Нина Григорьевна Кроль:
В феврале 1945 г. на нашей свердловской кафедре появился, наконец, постоянный заведующий, профессор Н. К. Верещагин. В нем чувствовался настоящий физиолог. Он считал себя «внуком» Сеченова, так как был учеником ученика Сеченова М. Н. Шатерникова. Им были написаны главы наиболее популярного у нас учебника. Однако к нам Верещагин пришел уже очень пожилым, изморенным эвакуацией и болезнями.
Нина Григорьевна Кроль:
Студенты его полюбили, он просто и интересно читал лекции. Полюбили и многие на кафедре, в первую очередь, за доброту. Всем нравилось, что он каждому «дает возможность жить» как кому хочется. Хочешь заниматься научной работой — занимайся, не хочешь — не надо. На такой почве все стало бурно расти, и хорошее, и плохое. Вырос, например, прекрасный физиолог Володя Розенблат, ныне профессор. Но сорняк растет быстрее полезных растений, если его вовремя не полоть. Вот наш сорняк и разросся. Кафедру стали заполнять случайные люди, карьеристы. Моей основной функцией стало удерживать чуть ли не зубами — все как было. Все наши старые, заложенные Париным традиции, наши трудные, но интересные занятия и демонстрации.

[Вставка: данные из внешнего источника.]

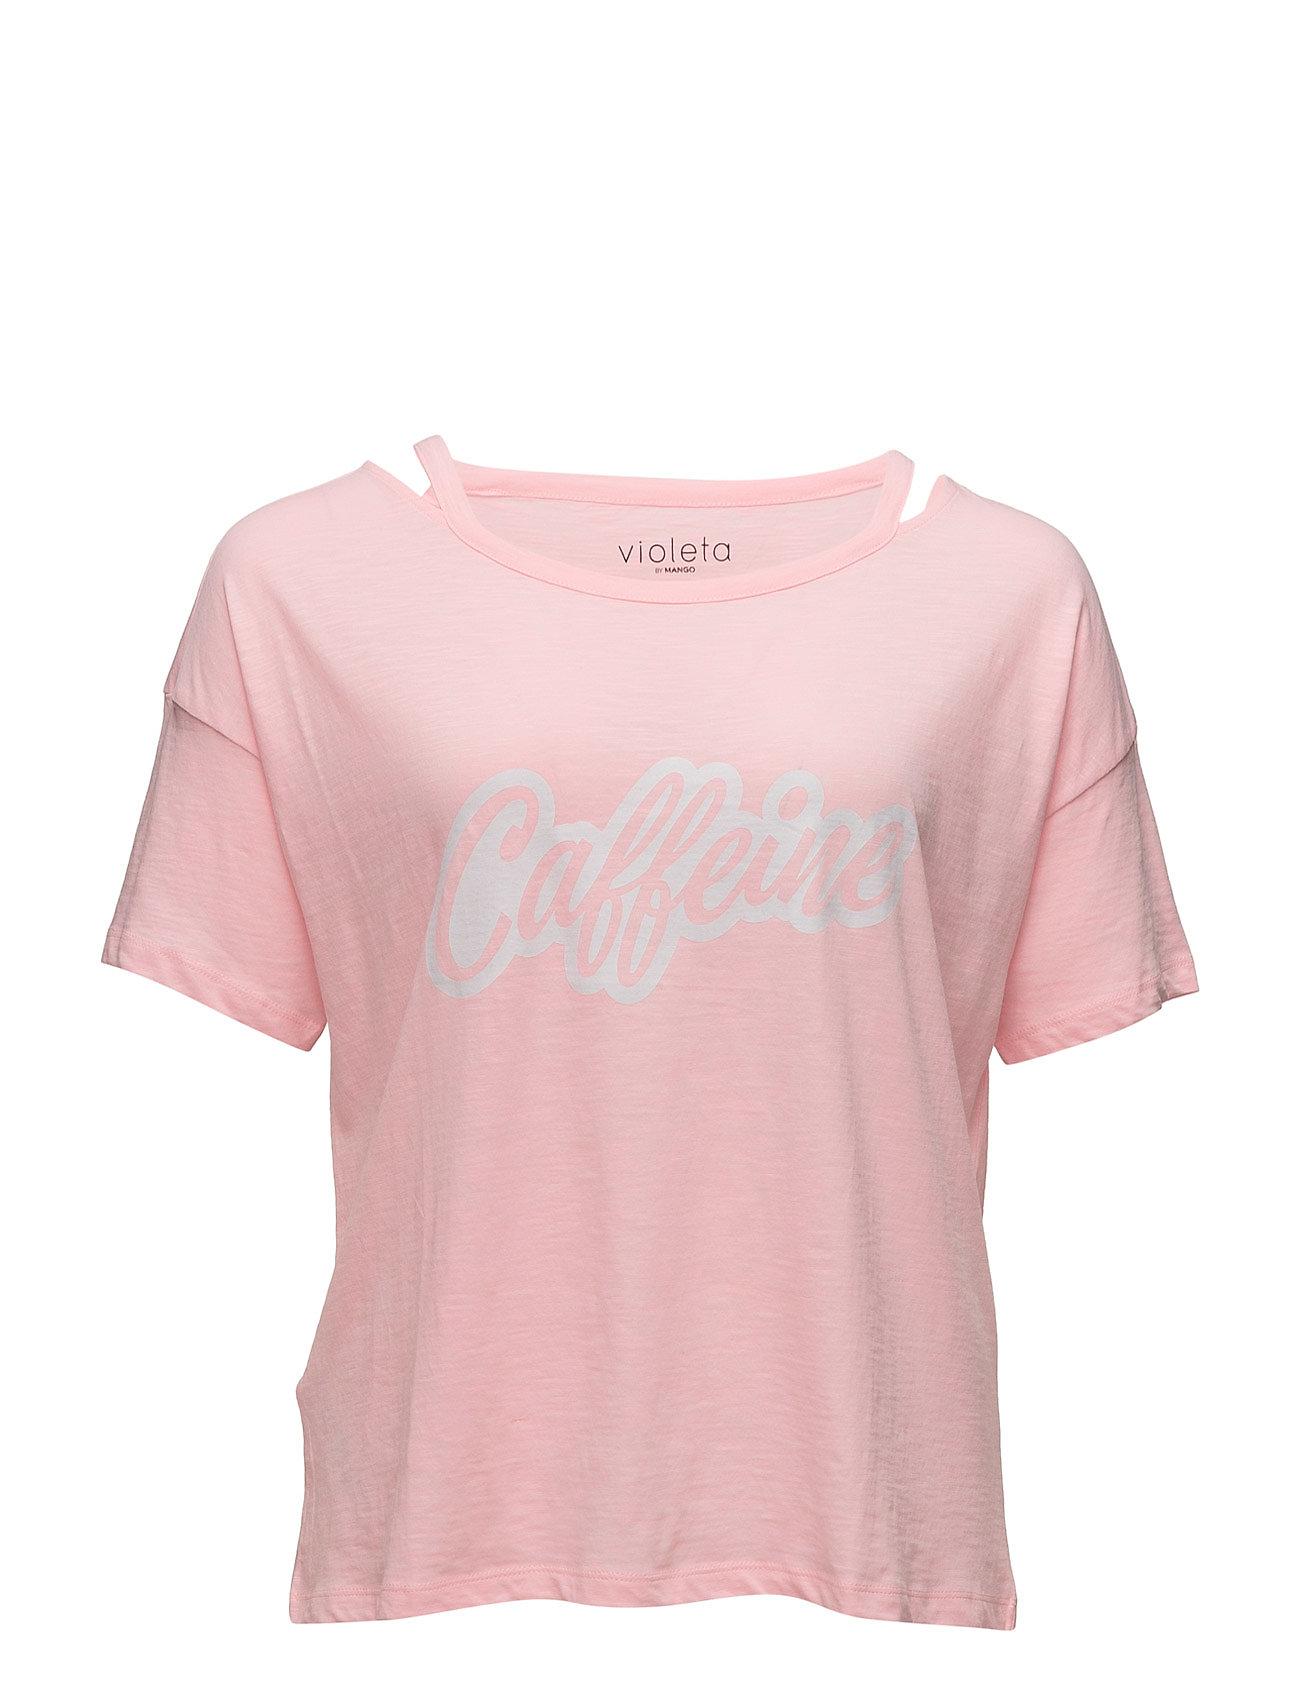 Message Off-Shoulder T-Shirt Violeta by Mango Kortærmede til Damer i Lyserød
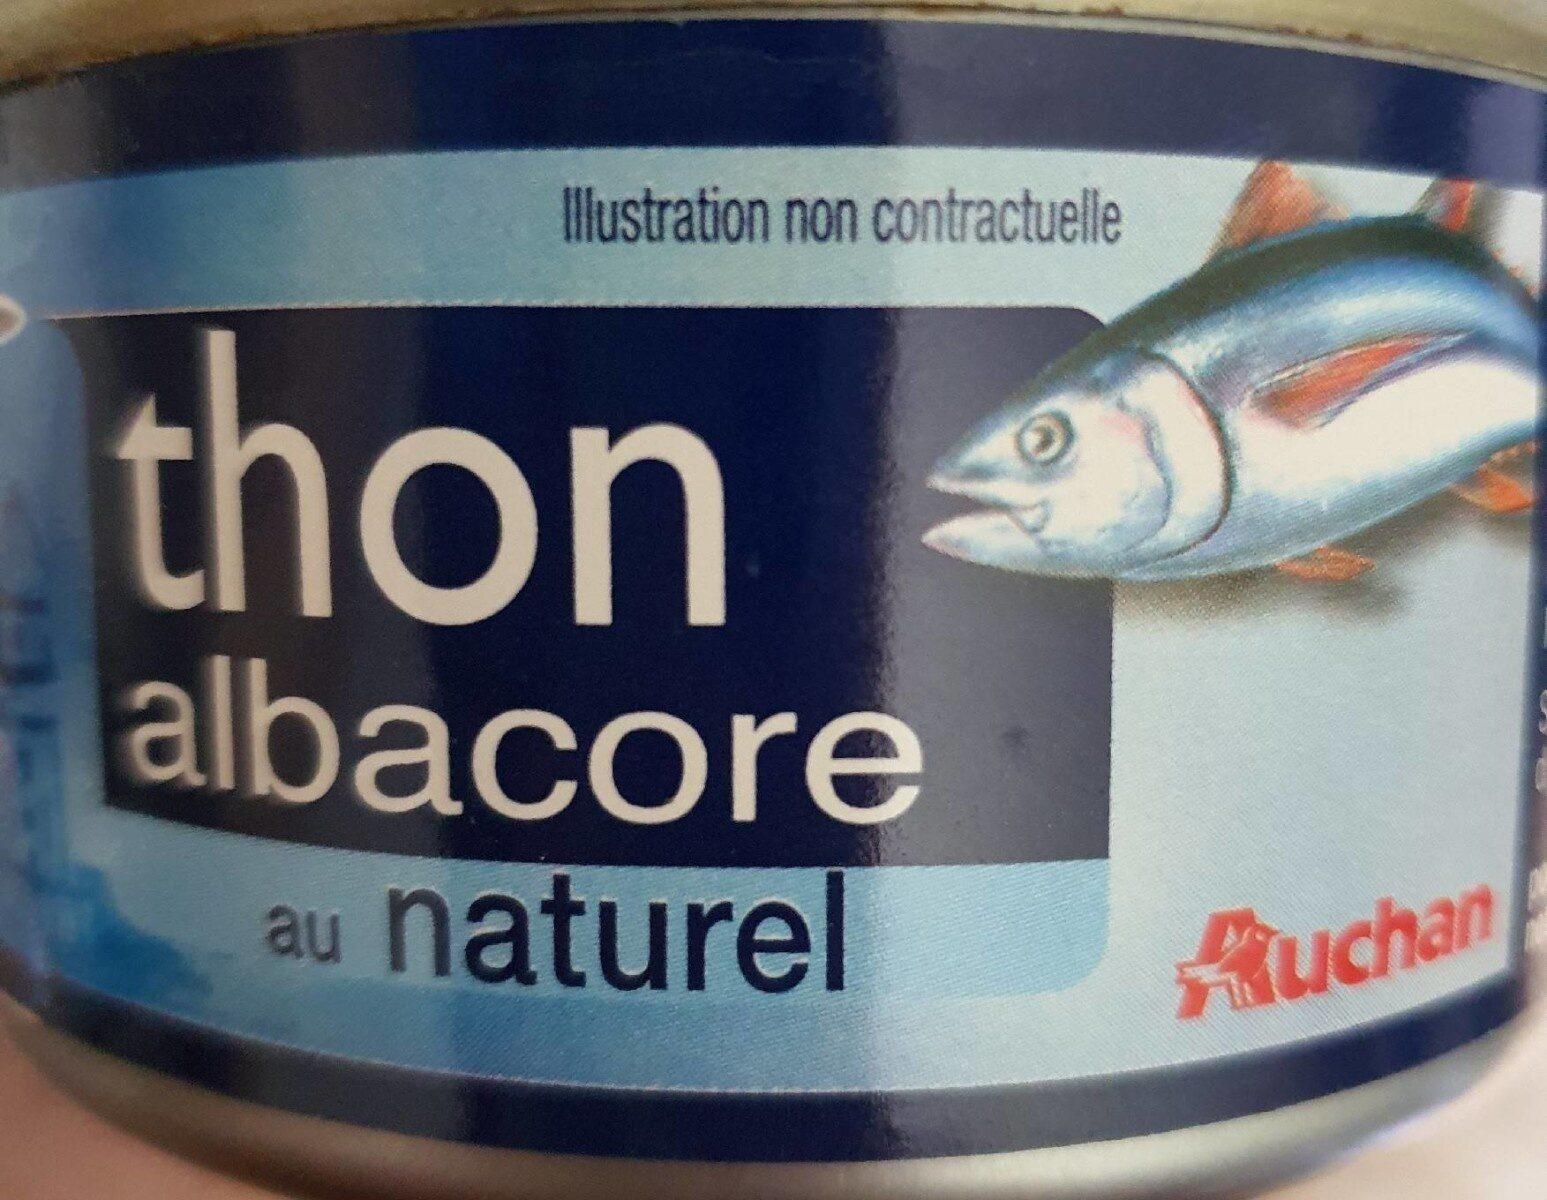 Thon albacore au naturel - Producto - en

Я во все лезла, ко всем приставала, а зав. кафедрой никого не обижал. Естественно, меня невзлюбили. И поползли по институту разговоры, что я консерватор и противник всего нового (а я была не против нового, а против халтуры и разрушения старого), что я училась в немецкой школе (в Казани), преклоняюсь перед иностранной наукой (знала языки!) и, наконец, что я — «любимая ученица американского шпиона Парина».
Так называли Василия Васильевича, который в Америке «продал секрет успешной борьбы с раком, открытый советскими учеными Роскиным и Клюевой». Так называли его в официальной прессе. С Василия Васильевича началась «борьба с космополитизмом» и «низкопоклонством перед иностранщиной».
Как это можно было прицепить к Парину, кто мог этому верить! Смешно было бы и доказывать абсурдность такого обвинения, зная Василия Васильевича и его убеждения. Я то хорошо помнила, как Василий Васильевич, возвращая мне рукопись моей диссертации, указал, что нужно подчеркнуть значение работ отечественных физиологов.
— Не считайте это квасным патриотизмом с моей стороны, — сказал он при этом.
Хочу подчеркнуть, что это было в 1940 году, когда признаком «настоящей учености» считался возможно больший набор иностранных цитат, когда не было и в помине «борьбы с космополитизмом», да и термин этот никак не употреблялся, так что замечания Парина отражали его истинные убеждения, а отнюдь не дань очередной моде.
Теперь же состряпан фильм «Суд чести», где продажа «секрета» совершалась, кажется, за американскую авторучку с «вечным пером». Все было поставлено с ног на голову, но поставлено так, что было ясно, о ком фильм — даже имя жены «шпиона» сохранили: Нина.